Connections to economic power
The core contribution of this work is to draw a formal connection between performativity in predictive systems and the economic concept of power. Predictive systems play a central role in many businesses, and performative power assesses the effect they can have on the behavior of their participants. While our measure is purely observational, it is sensitive to salient aspects of the market – the effect of a firm’s predictions is more pronounced when the firm has a strong market position, a large user base, and high consumer retention; on the other hand, the effects are less pronounced when competition is present, and close substitutes to the firm’s predictive service are available. This aligns with the qualitative behavior we expect from any measure of economic power. By establishing this link, performative power turns the original question of assessing the power of a firm in a digital economy into a causal inference problem that is more familiar to computer scientists.
Consequences of high performative power
A natural question to ask is: what does it mean if a firm is found to have high performative power?
It means that the firm can steer a population. In analogy with a price-maker in economics, the firm can shape the market. This ability offers the firm a lever they can exploit when optimizing their predictive models in light of their chosen profit metric. Concretely, high performative power means that the firm can steer towards behavior that is easier to predict or monetize. For the reader familiar with the typical risk minimization objective in supervised learning, this implies that to achieve low risk, the firm can not merely extract existing patterns but change the distribution over data. This constitutes a widely unexplored dimension of prediction.
From the perspective of user welfare, high performative power constitutes a reason for concern as it implies a lot of control for the platform over its participants. But ultimately, whether this power is used for good or bad requires further investigations, and it largely depends on the firm’s optimization strategies, its incentives, and how well they are aligned with user interests.
Between the lines
Performative power is proposed in the context of digital economies. It is widely acknowledged that digital economies are complex and differ significantly from classical markets. As a consequence, classical tools from economic theory struggle to provide insight into market power in digital economies necessary for effective antitrust enforcement. In part, because many of these markets are multi-sided, the meaning of products, market participants, and prices is completely altered, and participant behavior is highly susceptible to behavioral weaknesses.
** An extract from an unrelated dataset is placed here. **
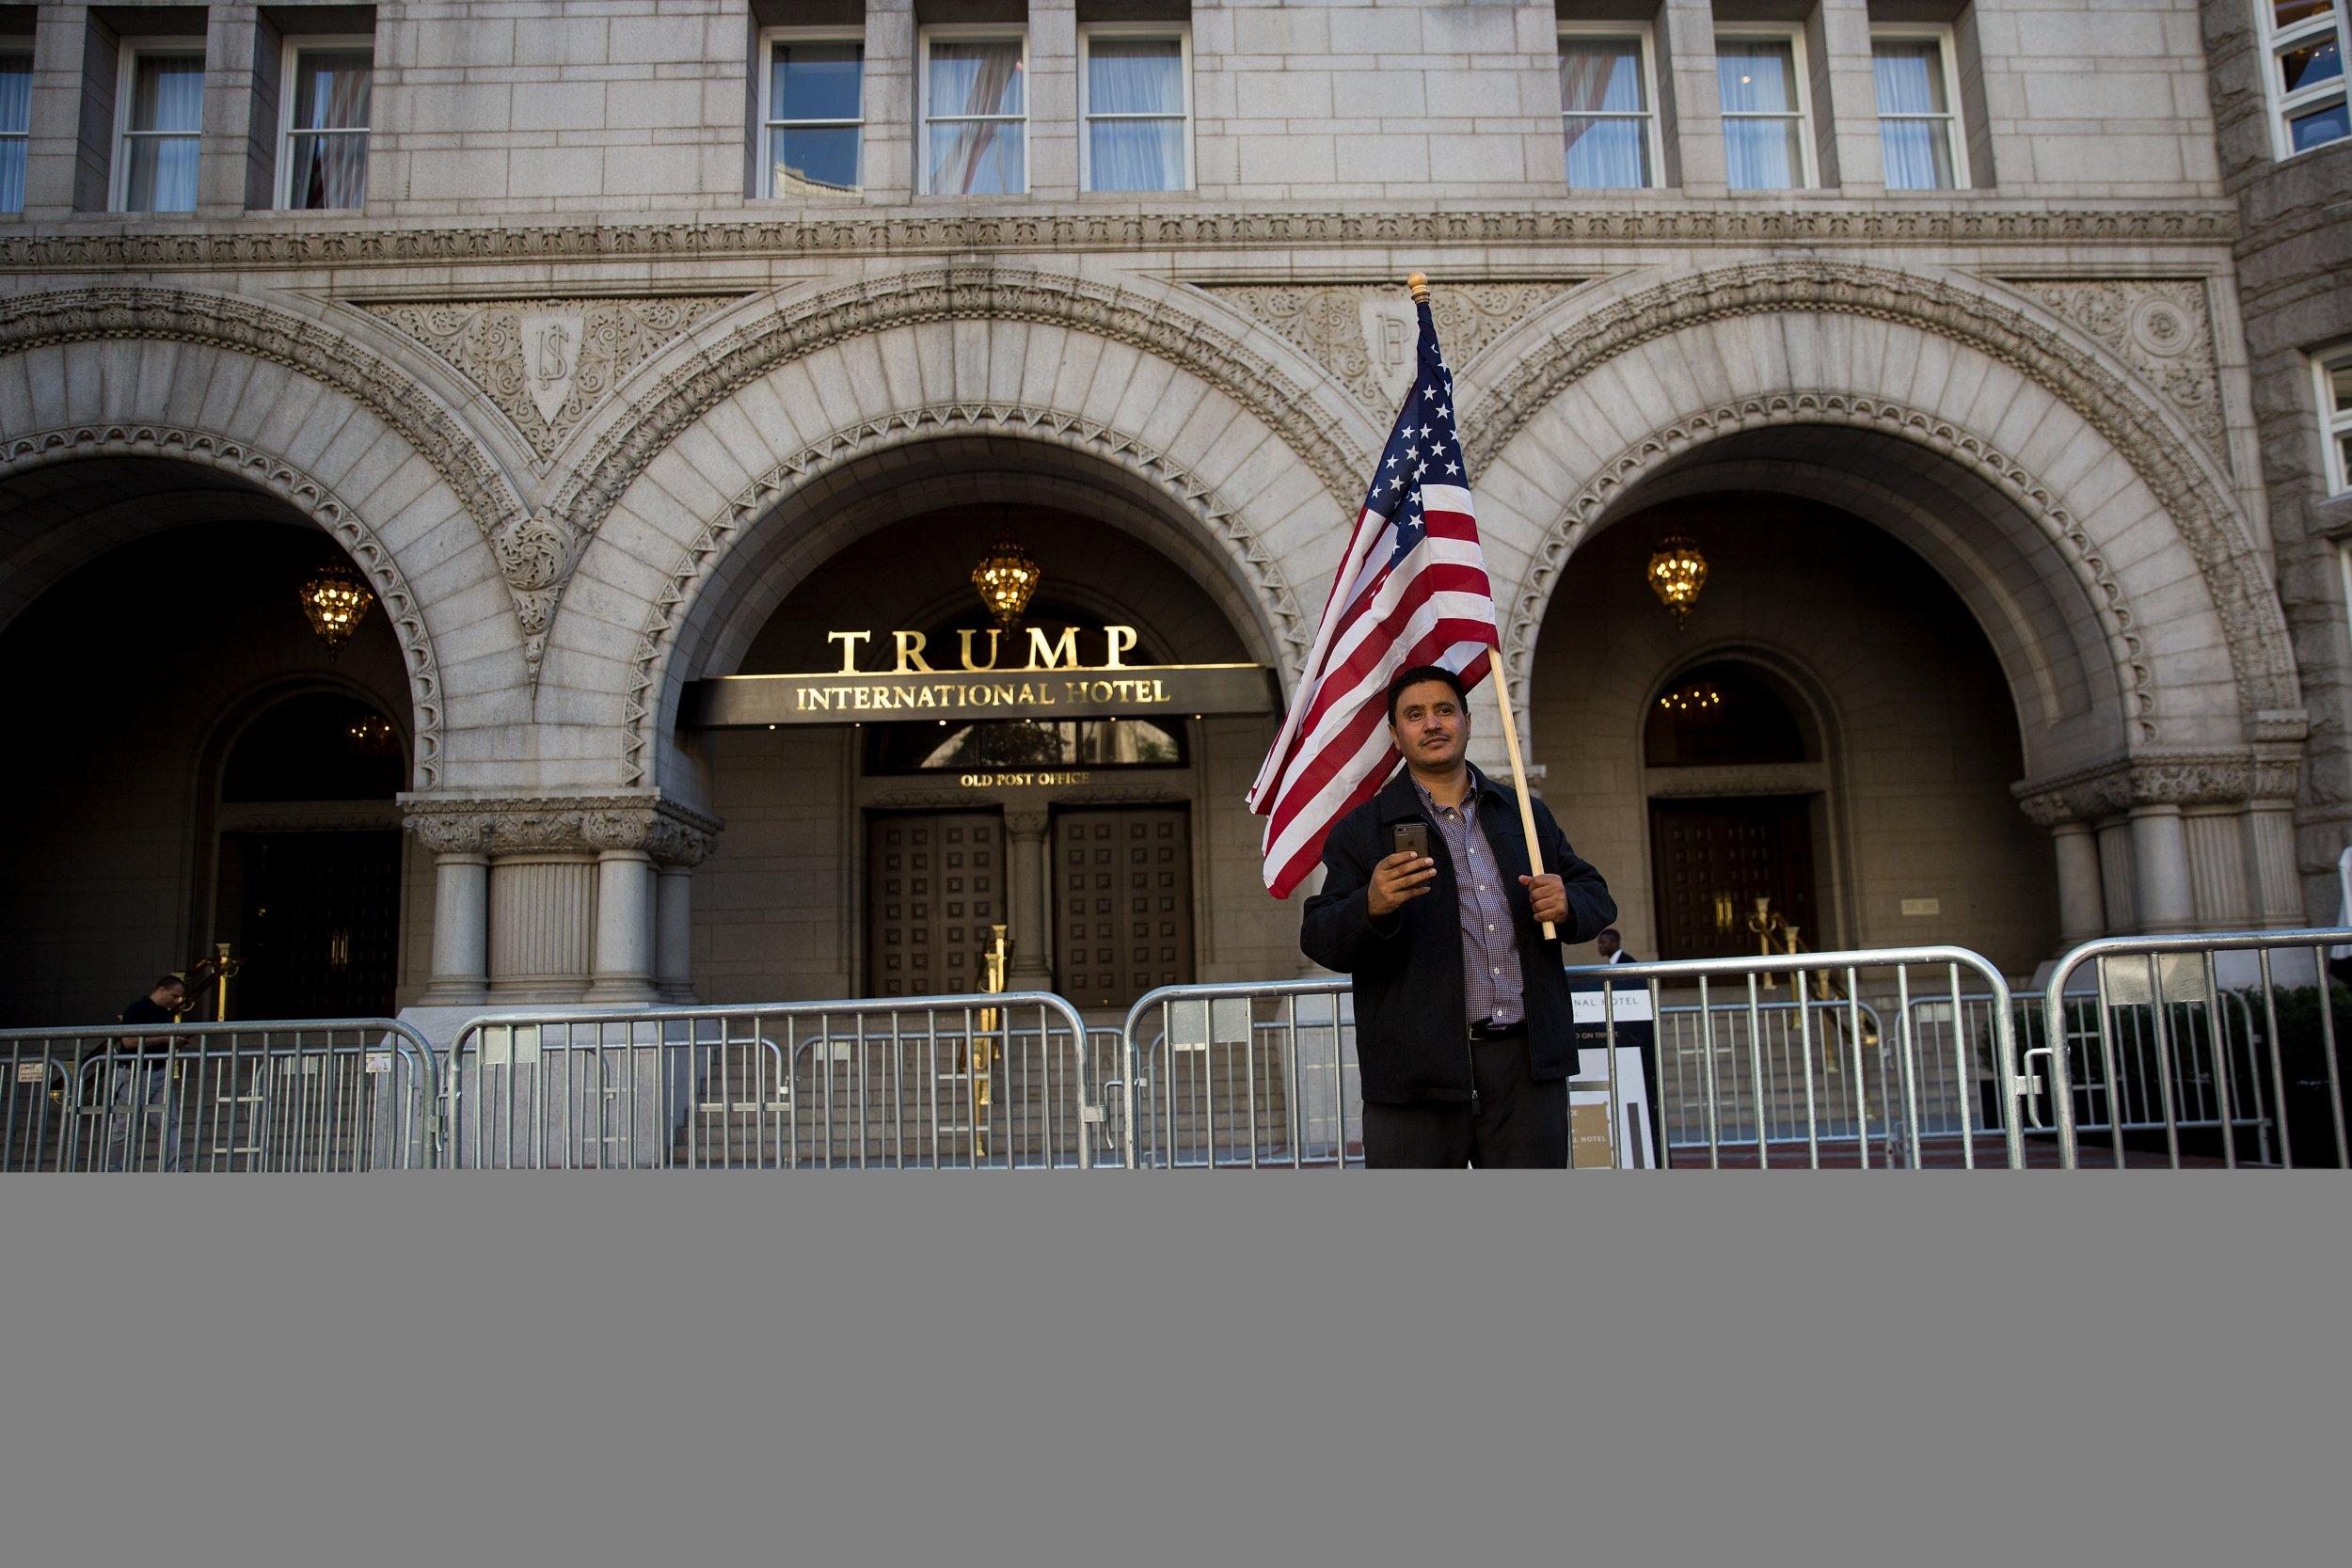 Trump Hotel Washington DC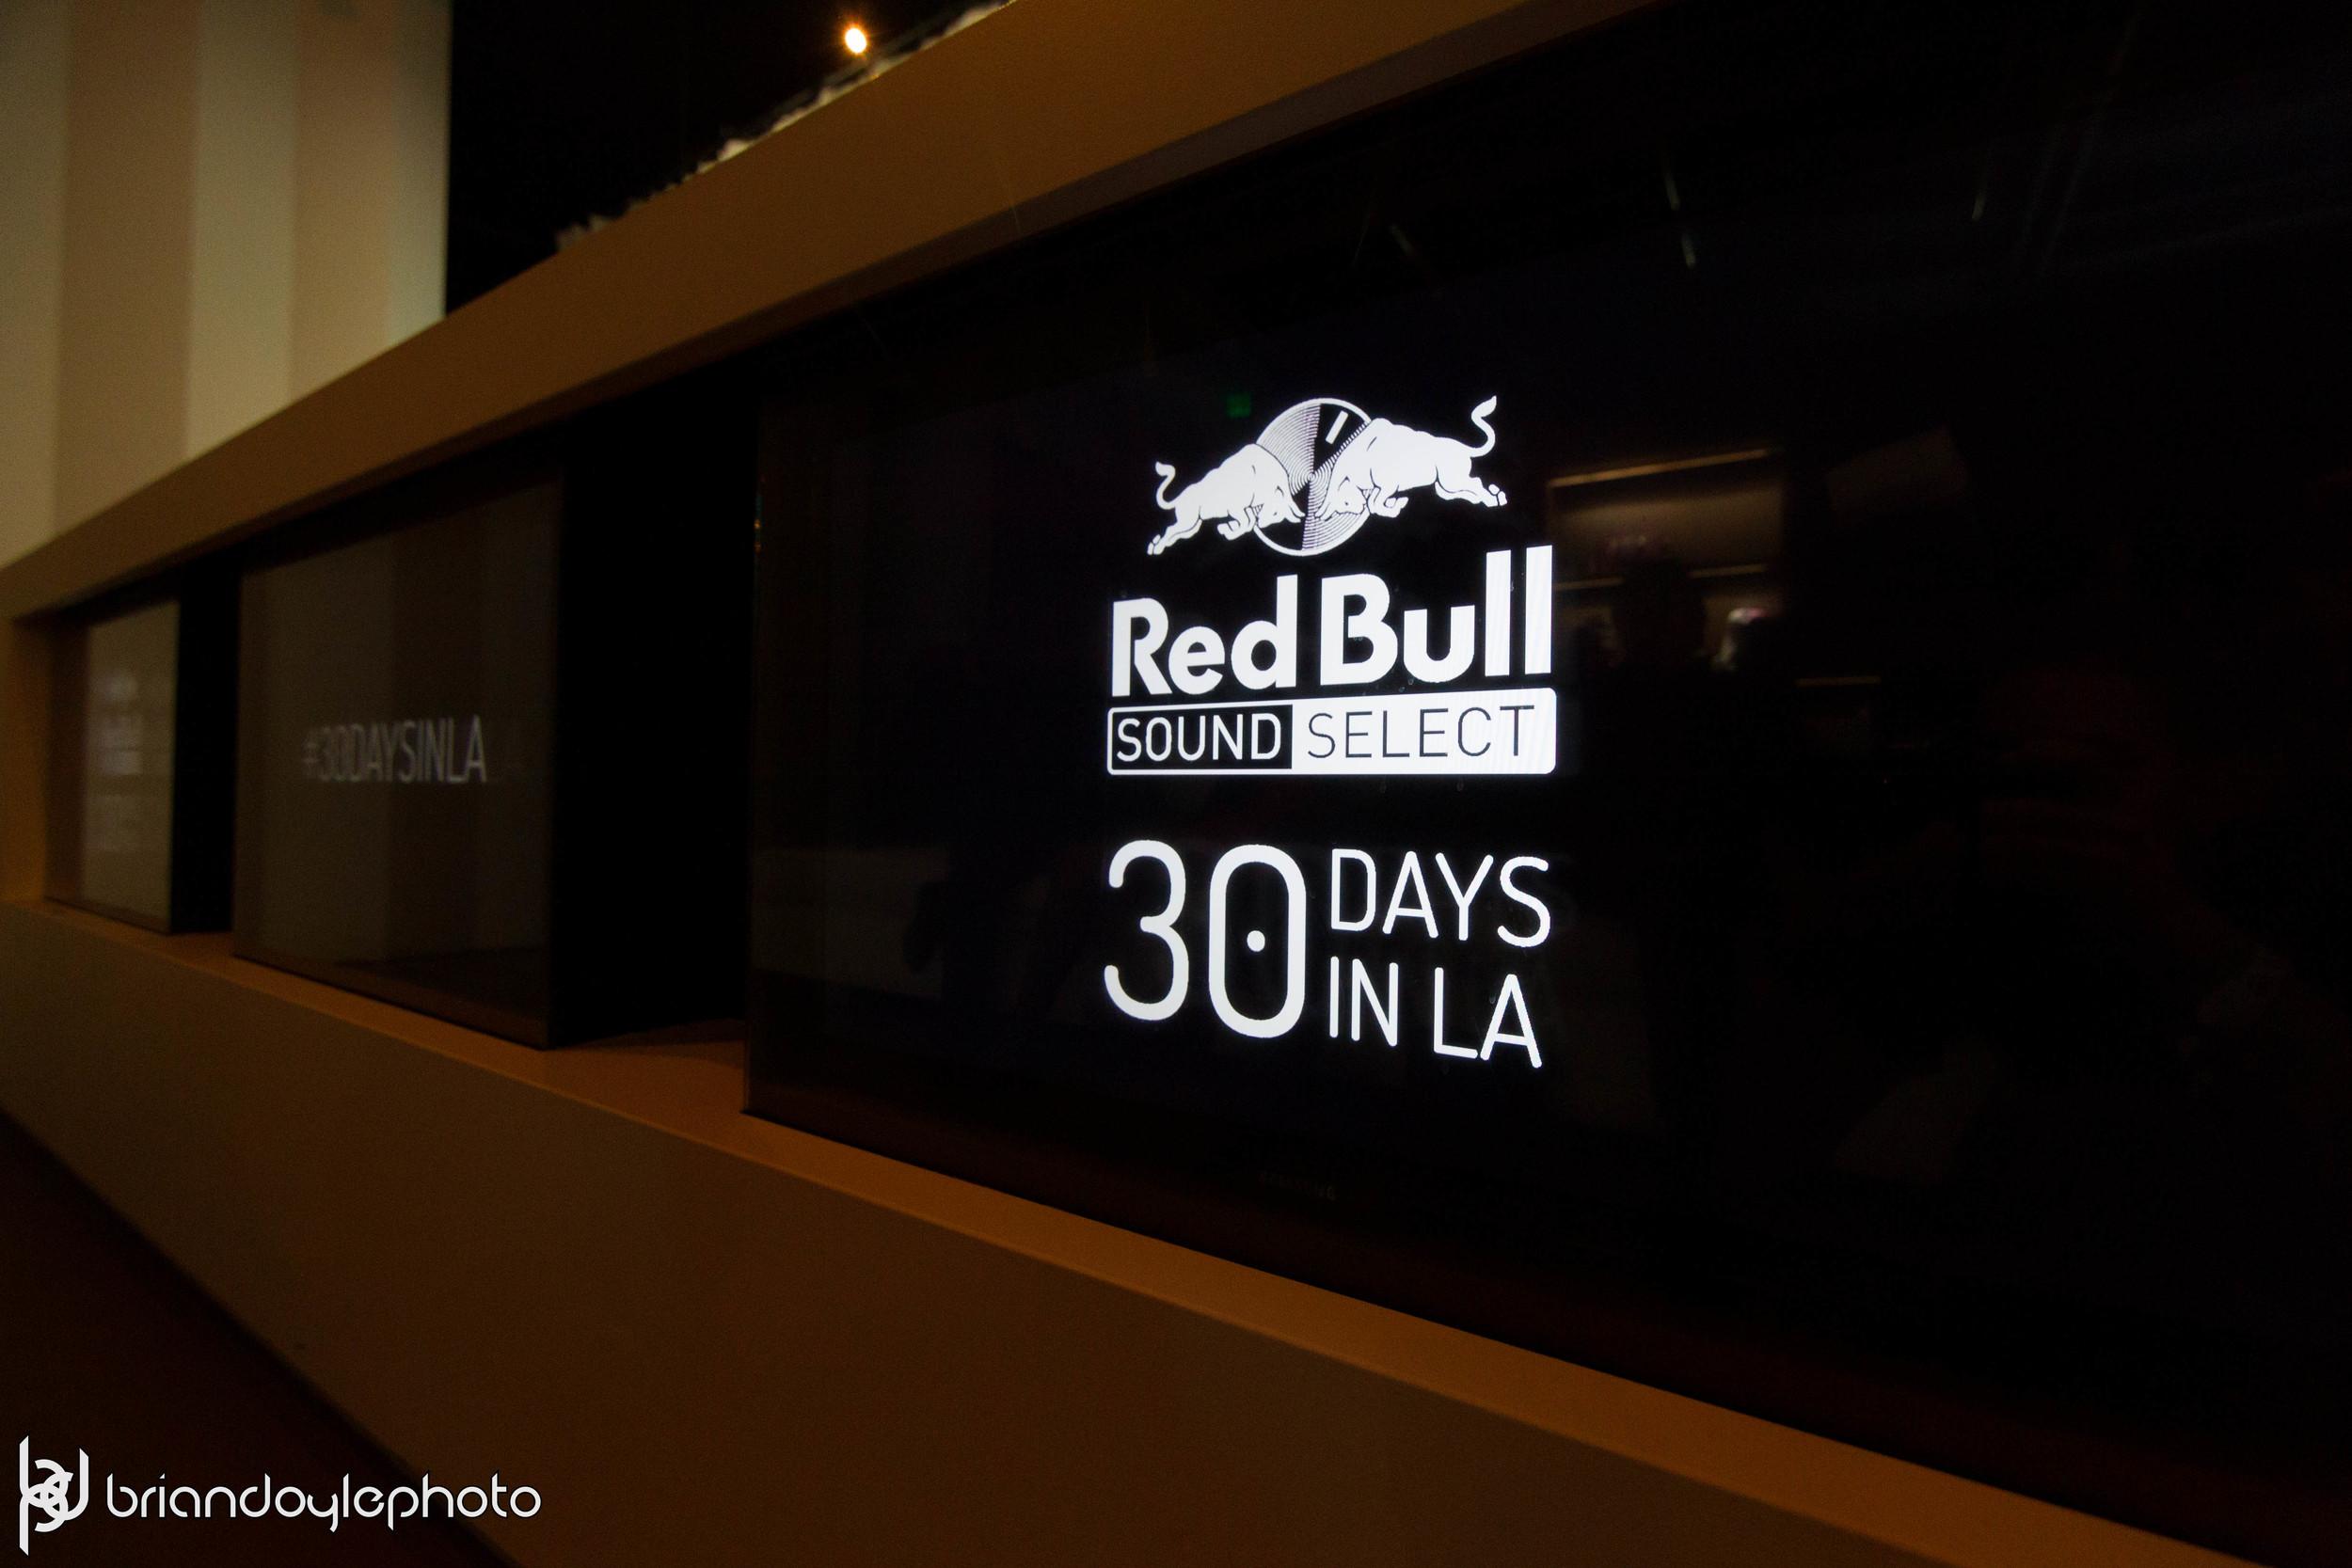 Red Bull - Dum Dum Girls, Tropicana and the Flea, Lowell @ The Well 2014.11.16-36.jpg

To tackle these challenges, there is a need for new investigative tools and economic concepts.
In response to this call, performative power focuses on where the rubber meets the road: the predictive model of the platform and its causal powers. Thereby it side-steps the challenge of specifying the complex mechanisms governing the market but instead focuses on a directly observational statistic. We envision that performative power can provide a valuable new perspective and serve as a complementary tool to existing approaches for measuring power in digital economies. It could help flag the potential for user harm in digital marketplaces and identify situations that merit further investigation.